By the feed/speed logic I related just above, it would not make sense to have twice as many cutters unless you can slow the rotation down by half. As a result, I'm wondering if it is largely a marketing ploy? I can't imagine that you are going to get a "better cut" just because you have twice as many cutters. In fact, if you can't slow the rotation enough, you will get burning more easily and dull the cutters faster.

If you can, indeed, slow the router down so that the bit is still cutting properly for your feed rate, having twice as many cutters could be a good investment. That assumes you are going to wear out the cutters multiple times and eventually need a whole new bit. 

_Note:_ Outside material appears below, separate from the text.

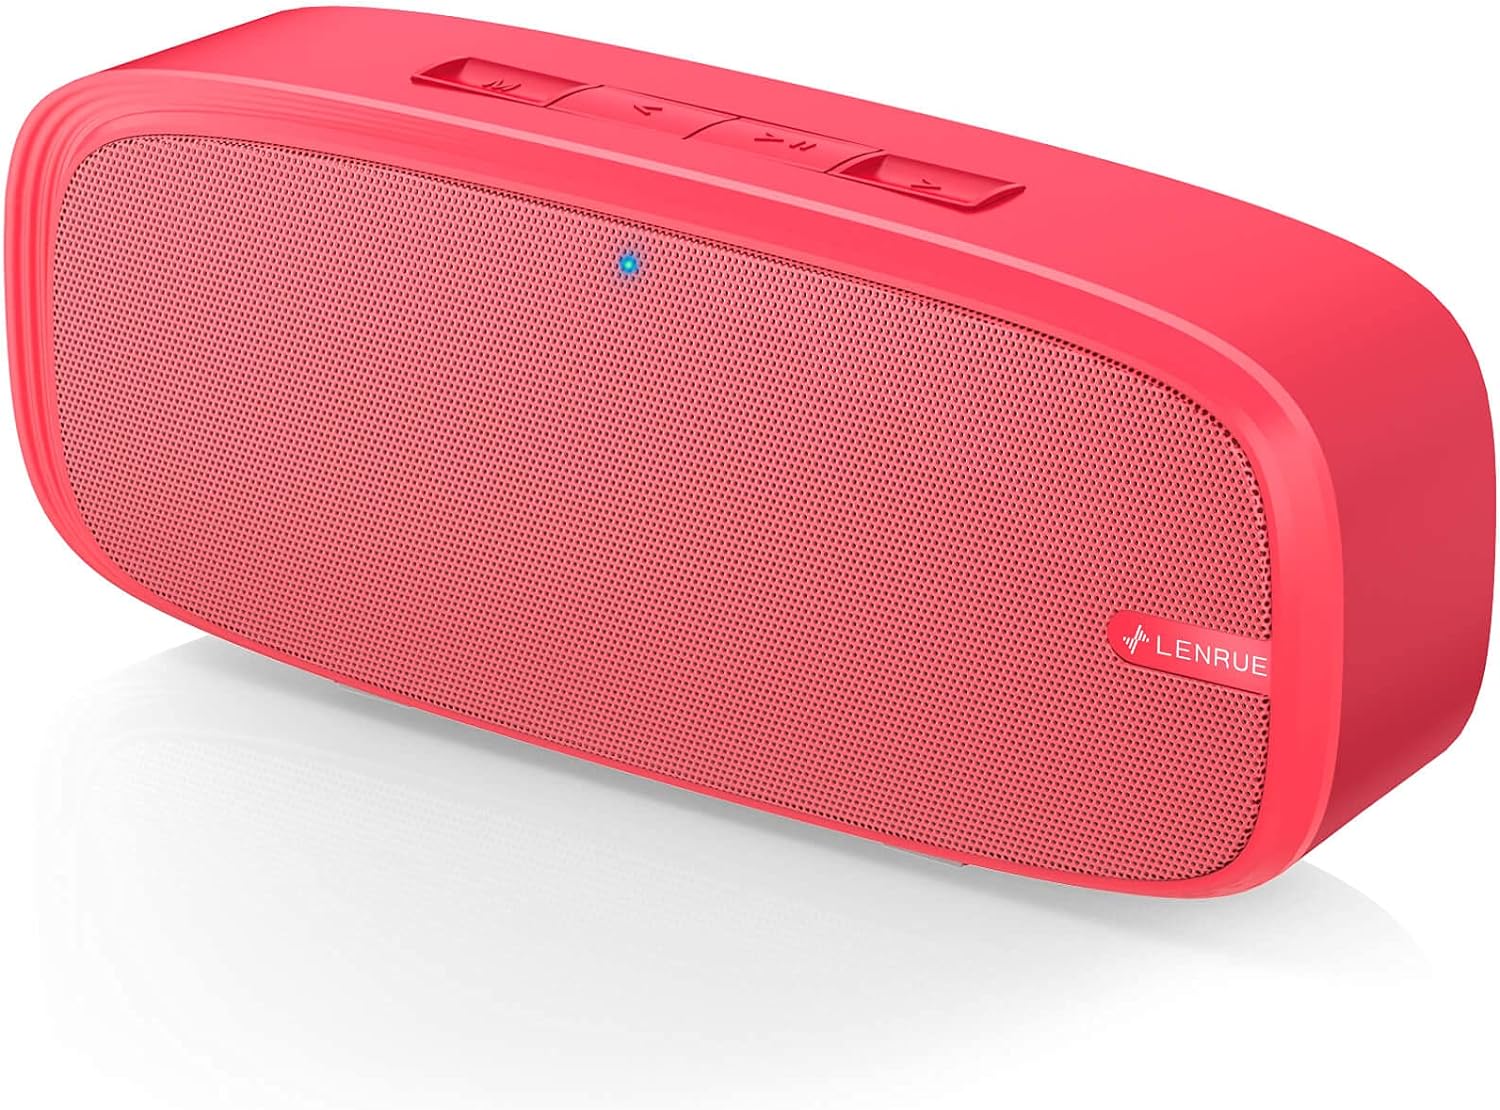 LENRUE Bluetooth Speaker, Wireless Portable Speaker with Loud Stereo Sound, Rich Bass, 12-Hour Playtime, Built-in Mic. Perfect for iPhone, Samsung and More (Red)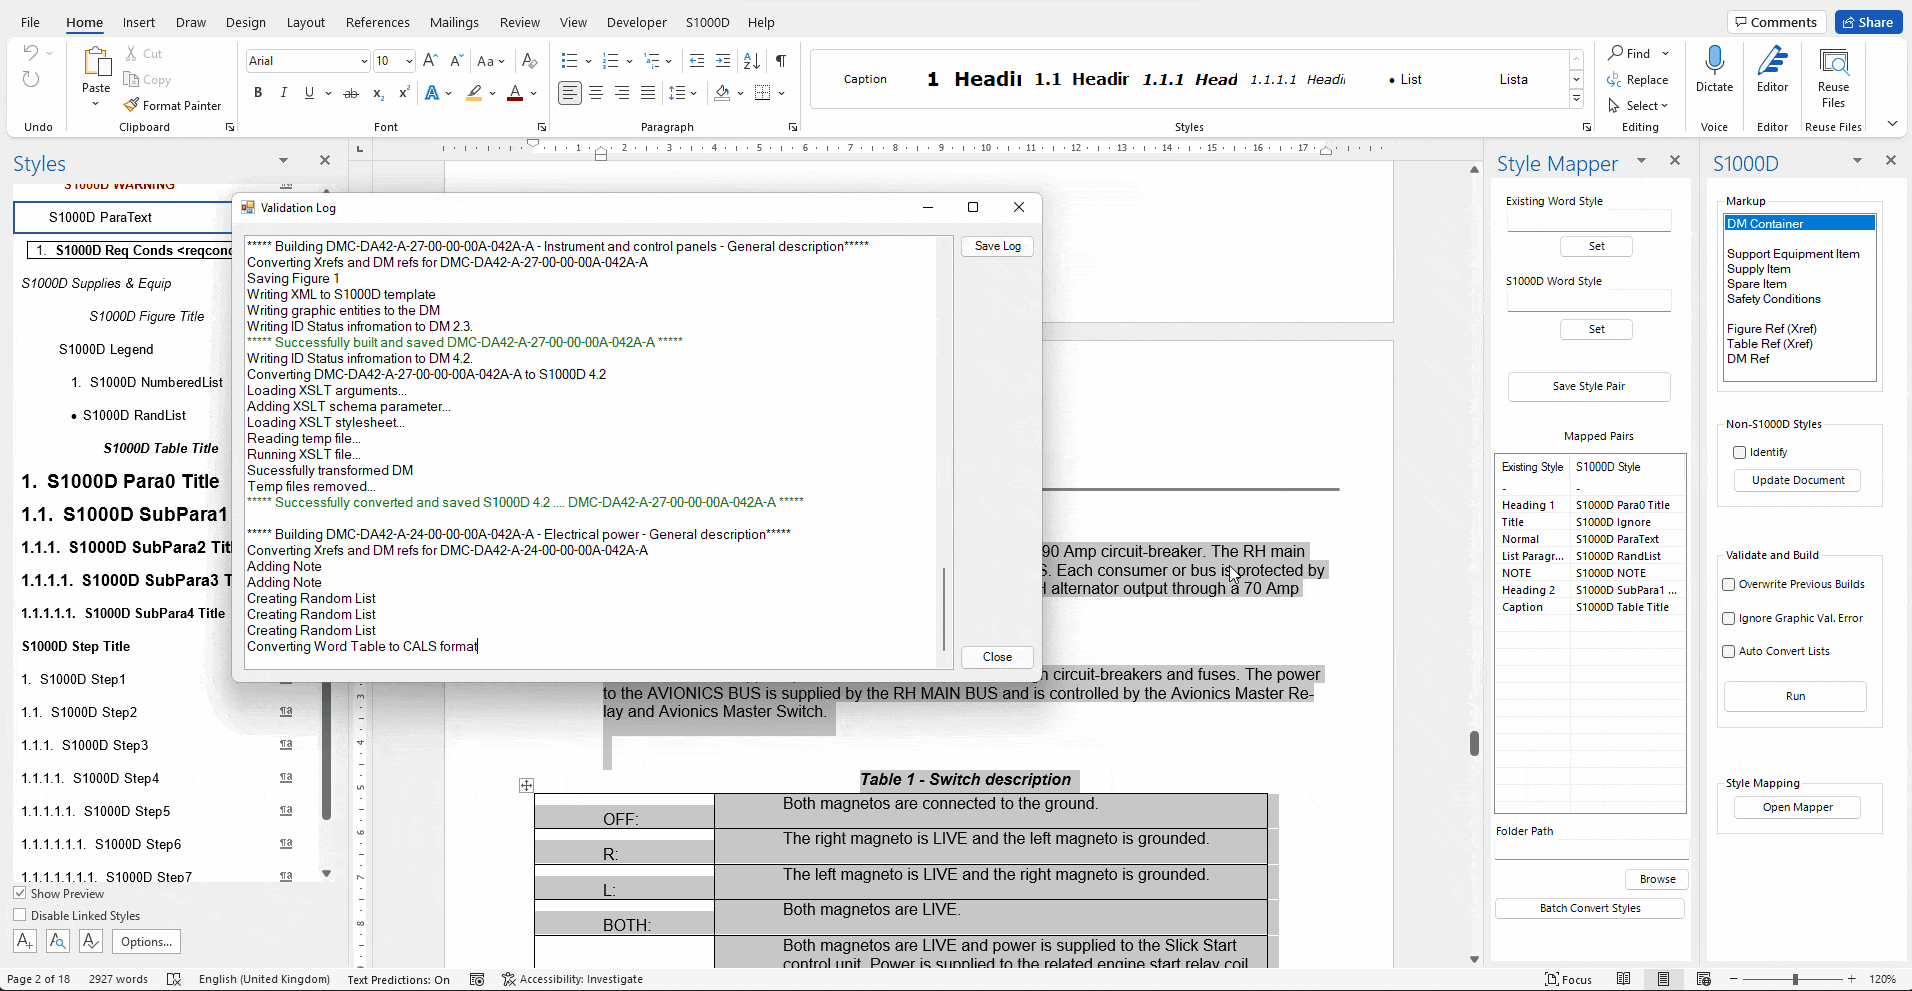 Quick, simple and integrated into Microsoft Word

The reason I say this is that the cutters are only part of the cost of a bit, the body of the bit is a significant portion of the cost so having to change the body half as often, saves money. It's the same logic with buying bits that have replaceable cutters. If you use a bit enough, the higher initial cost eventually becomes a lower lifetime cost because you never pay to replace the body of the bit.


Tom


----------



## ayesha irshad (Dec 3, 2012)

why you dont color it in some dark color and hide the stain??


----------



## Dmeadows (Jun 28, 2011)

Tool Home LLC said:


> I haven't used the Quadra bits but I know Freud generally makes good bits...
> 
> By the feed/speed logic I related just above, it would not make sense to have twice as many cutters unless you can slow the rotation down by half. As a result, I'm wondering if it is largely a marketing ploy? I can't imagine that you are going to get a "better cut" just because you have twice as many cutters. In fact, if you can't slow the rotation enough, you will get burning more easily and dull the cutters faster.
> 
> ...


A quadra bit has extra cutters with angles optimized for different parts of the profile.. it's not simply having 4 cutters instead of two! This is to eliminate the "fuzzing" that many bits produce.


----------